After reading some very informed blog posts about the Google Books Ngram viewer, I’ll throw in my 2 cents too.
The question with visualizations is: what do they actually tell us, in what way are they helpful? They are well suited for providing an overview of large amounts of data and their functionalities will surely be enhanced in the future. However, we should always be aware of the imperfections arising from OCR or metadata glitches and of the limits of such a visualization.
By way of example, the Ngram viewer doesn’t account for changes in semantics of words (or for disambiguation, for that matter). Terms are likely to have different meanings at different points in time. Nor does it tell you more about the cultural context which may be crucial for understanding the distribution of highs and lows in the graph. Counting occurrences is not enough to reflect semantic drifts or contextual information.
All in all, here’s another example of “computers only process symbols” – it’s up to people to create meaning from the results. On the other hand, we wouldn’t be able to explore the abundance of data without such analytical tools.
Just a quick note to direct your attention to AustLit, a project I ran across in a post by Jim Weinheimer. You have to be a subscriber to access the full database but some examples can be explored here.
I was curious to know what the underlying structure was and what strategy of collocation they use for the FRBR views and found these two pages:
Data models and technology.
It turns out that AustLit draws on the topic maps “topic” and “association” constructs to model the relationships in FRBR. It’s interesting to actually see this in action.
While I am skeptical about the representation of ontologies and human semantics in computer systems, topic maps concepts seem to lend themselves very well to expressing bibliographic relations and collating bibliographic information.
The FRBR display is a choice librarians make in the hope of helping users navigate the bibliographic and resource universe – one example for more “elegant” ways of organization.

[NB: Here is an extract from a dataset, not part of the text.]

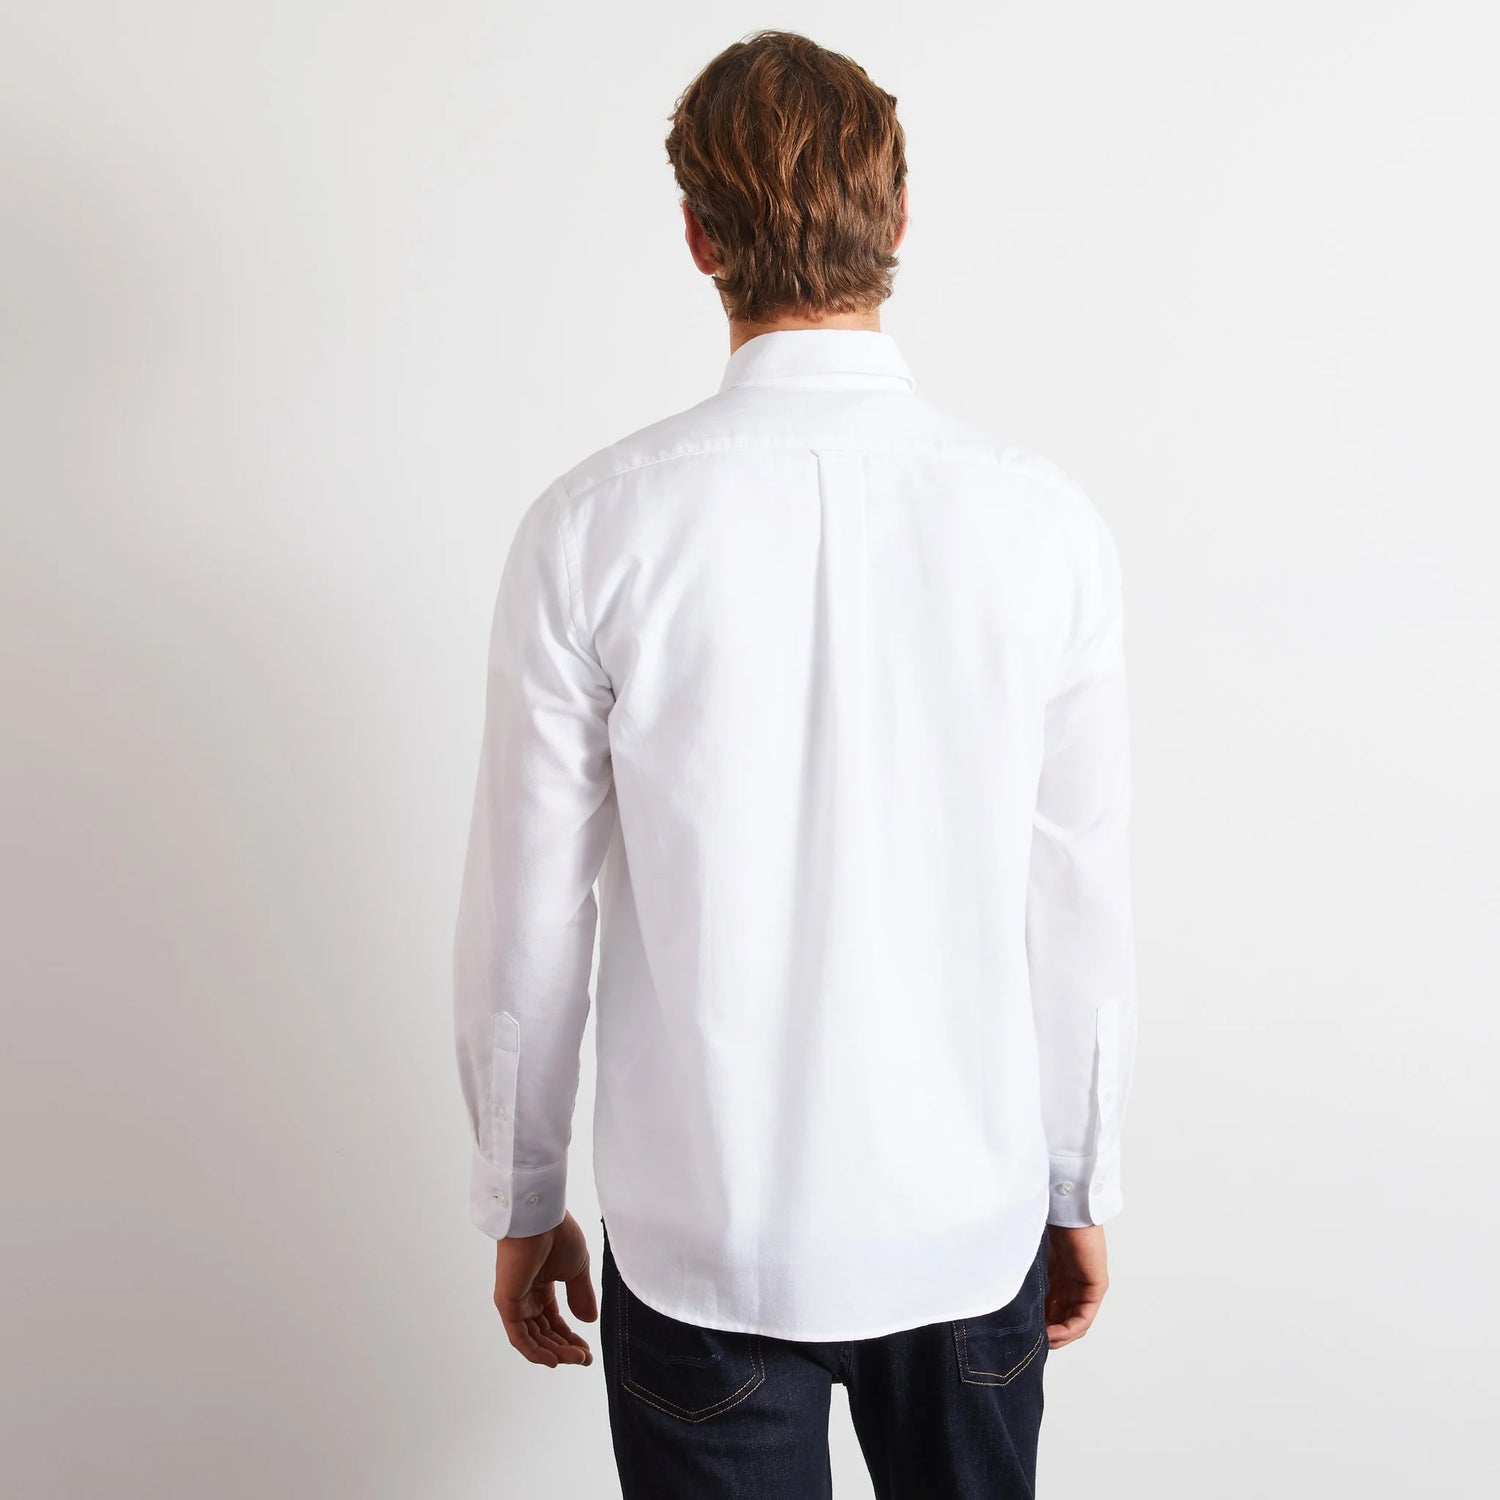 plain-white-cotton-shirt_ppshiche0020_bc_04

At this year’s Tools of Change for Publishing (TOC) Frankfurt, Jeff Jarvis spoke to and about the publishing trade, but he could also have spoken about libraries. His keynote was entitled “The end of the parenthesis” and is well worth watching:
We are emerging from 500 years of text-based culture and going through a transition like the one Gutenberg brought. What does this mean for media and our view of the world?
To me the following points are particularly noteworthy and transferrable to the library world:
- After Gutenberg’s invention, people didn’t know what to make of books, they were scared by them. The current situation is a bit like that – we still try to fit the old (print) into the new (digital environment), we haven’t yet fully arrived at and embraced the possibilites of the digital era. Nobody really knows where it is going to lead us, so invention and innovation is key.
- Content is everywhere – on Twitter, on blogs, in addition to the traditional content providers. Analyzing Twitter data allows you to make predictions through what people are talking about.
- Add value – with content everywhere (digitized/born digital, full-text searchable books online), this is no longer the unique selling point (neither for libraries nor for publishers, really). So the question becomes: what kind of value can we add to that content, how can we enhance it, what tools can we offer our users to better organize information, put it into context and glean knowledge?
- Give users “elegant organization” – libraries can play a role in helping users do what they did before, but better and in a more “elegant” way; what could that mean for the library catalog, for example?
- Beta – the beta status implies that something is imperfect and unfinished, which, according to Jarvis, is a “statement of humanity and humility”. Why not demonstrate that libraries are human and humble by for example releasing a catalog relaunch as beta and not as a finished product? It could allow users to take part in determining which way it will go, it’s an “invitation to collaboration”.
- One factor that stands in the way of leveraging the beta status in libraries is “Perfection as standard” – is it still useful to keep up this approach? Of course we want to provide reliable information, but can libraries come up with a new, less static “business model”? I think “perfection as standard” prevents us from doing experimental and innovative things.